EXERCISE PROMPT | Word for word, please restate the line that contains "Jetsetters Sunglasses - Unisex- Yellow" and all lines after it through the end of the material, minus the pictures.

SUPPLIED INFORMATION |

***

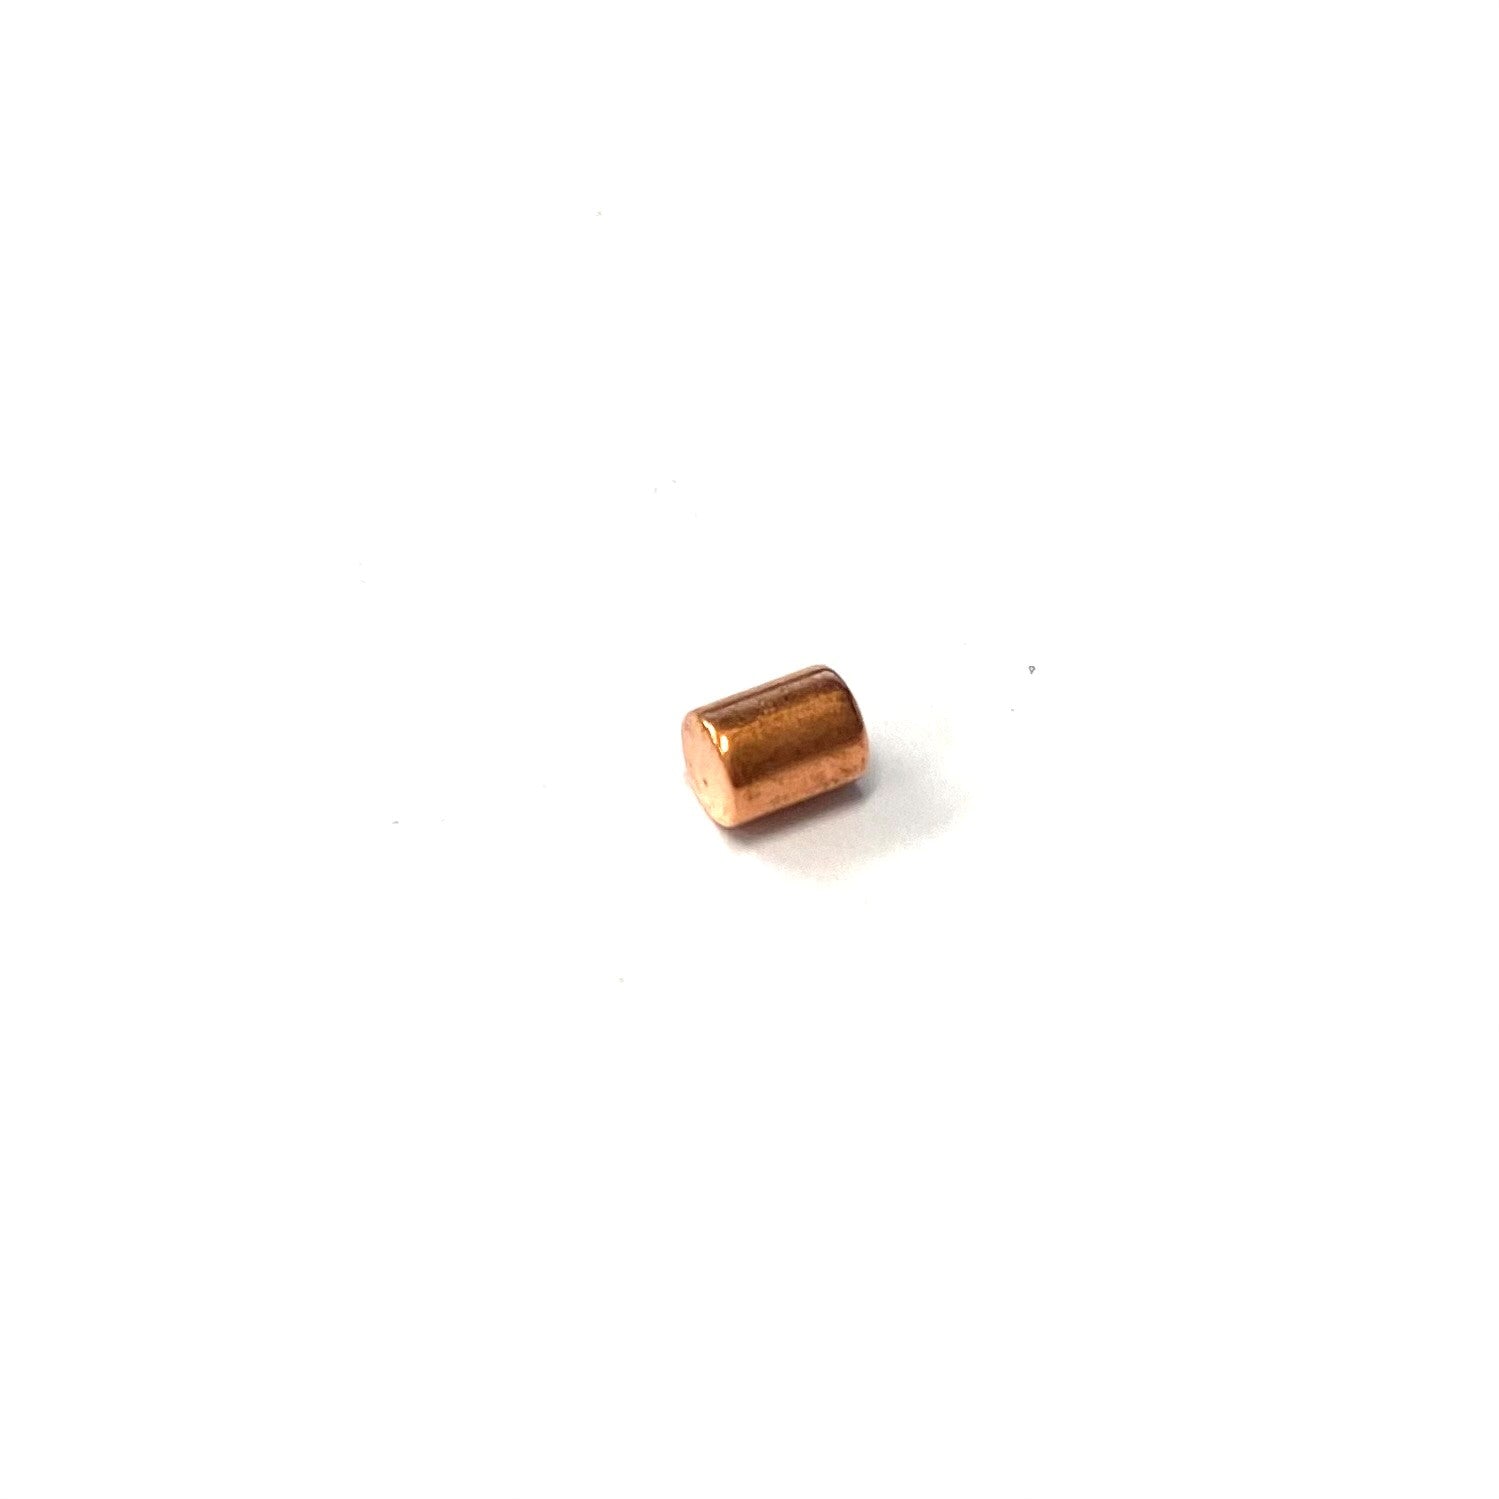 Aimant Rectangulaire au Neodymium, 35mm long x 35mm large x 5mm d'épaisseur  (1.38 x 1.38 x 0.2) - Magnet Montréal
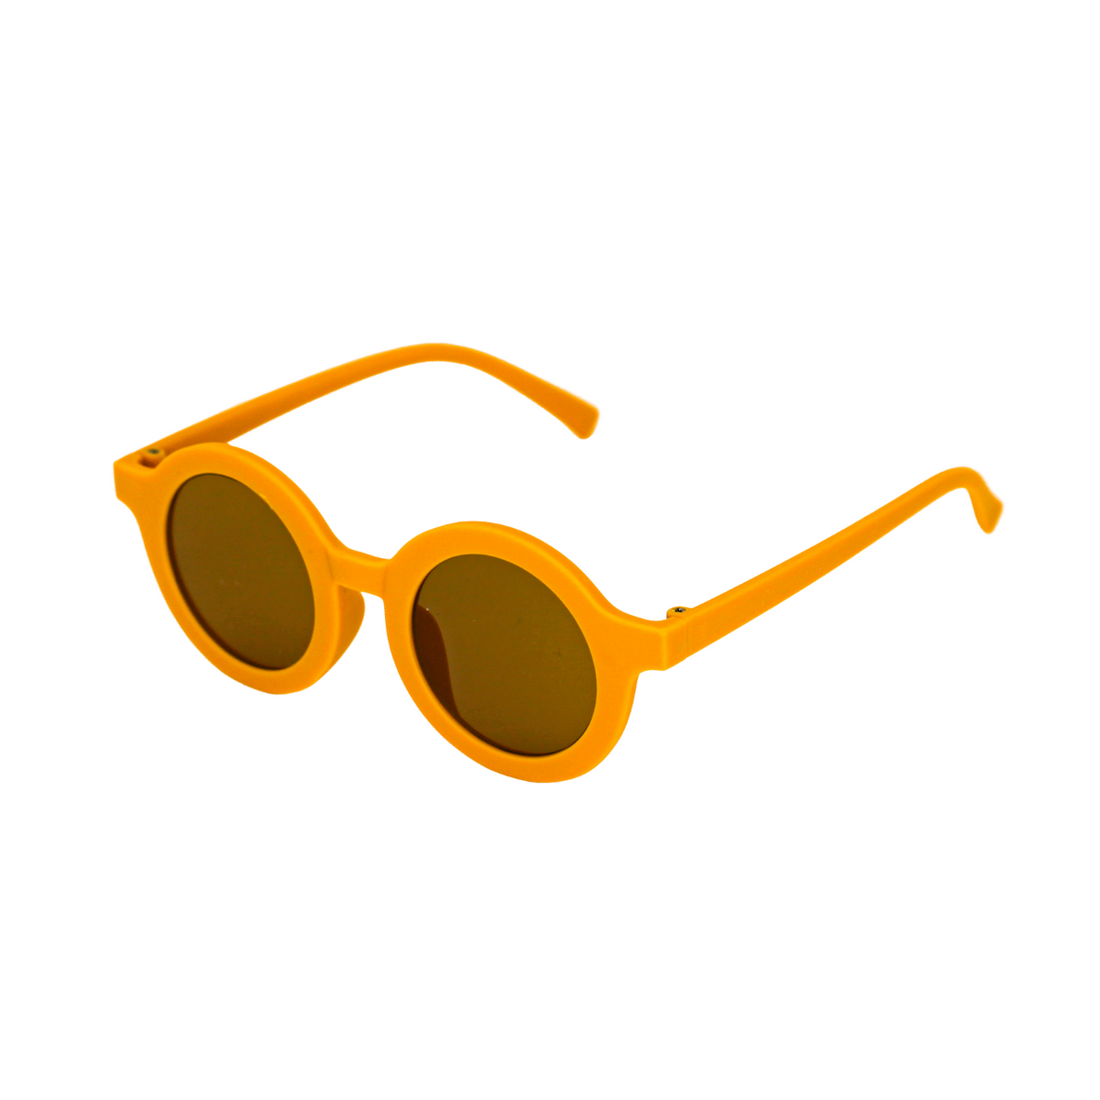 Jetsetters Sunglasses - Unisex- Yellow (3-6 Years)
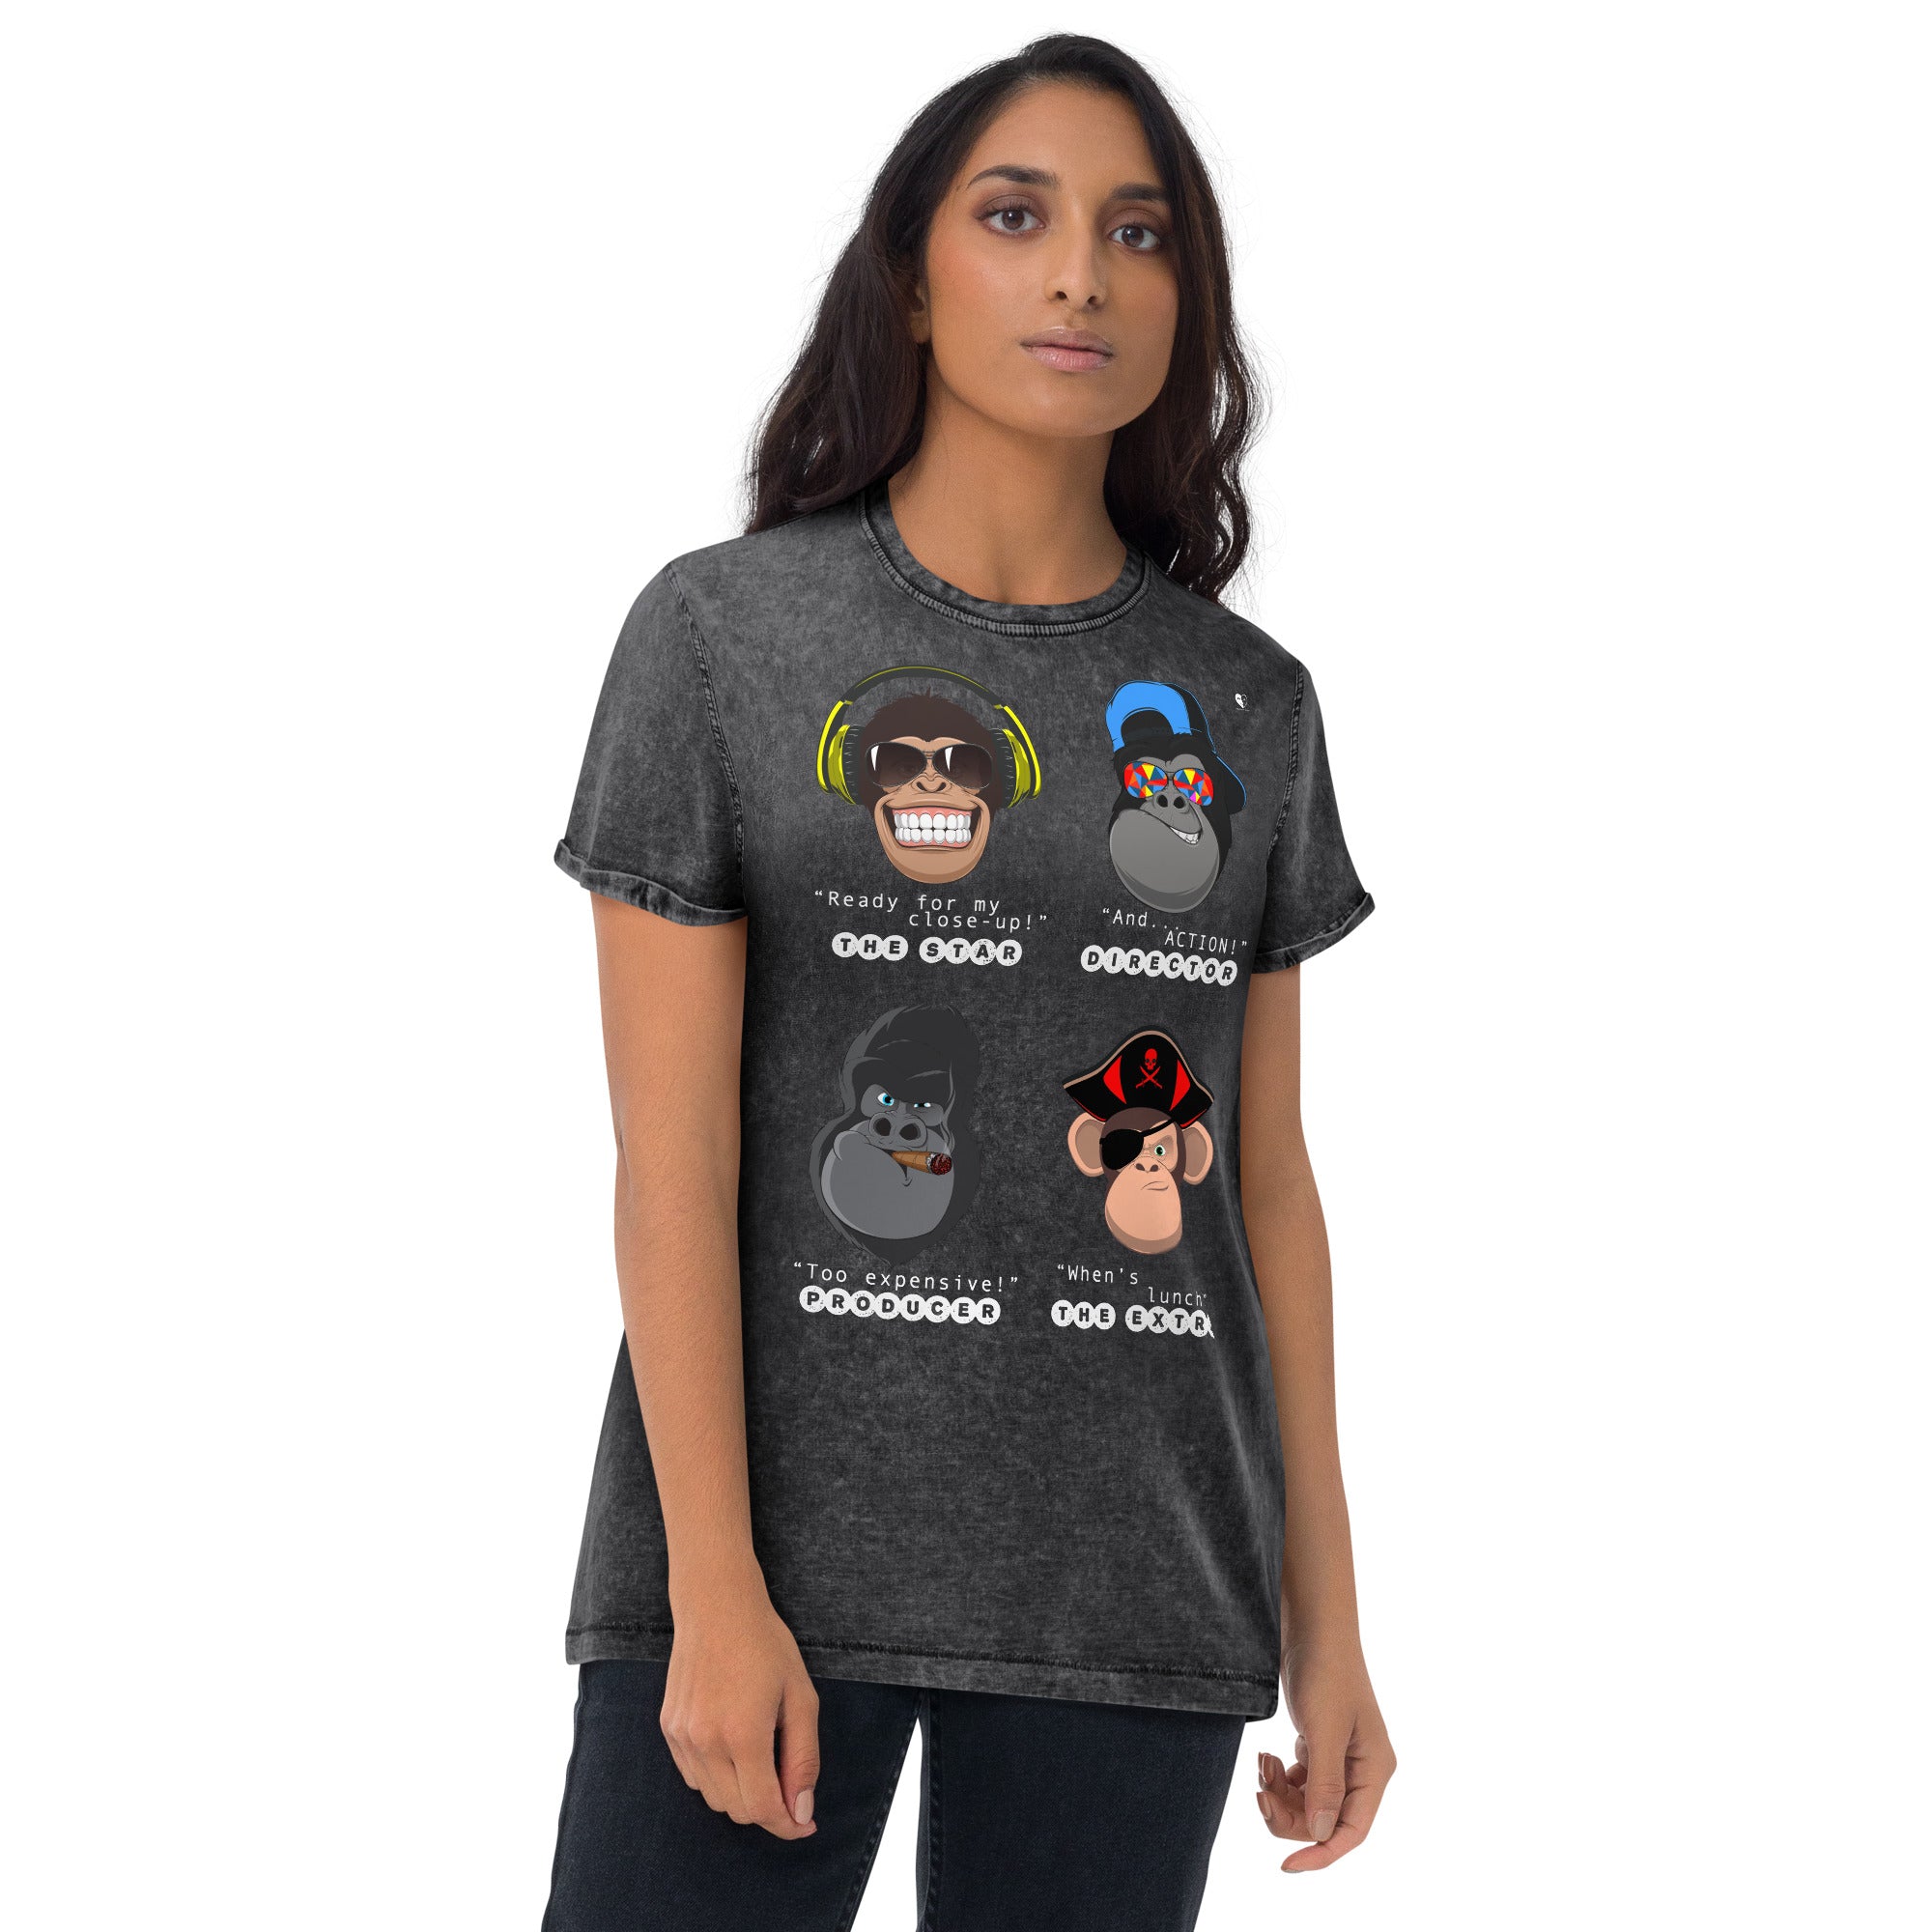 Movie Monkeys - Denim T-Shirt

***

TASK RESULT |
 Jetsetters Sunglasses - Unisex- Yellow (3-6 Years)
 Movie Monkeys - Denim T-Shirt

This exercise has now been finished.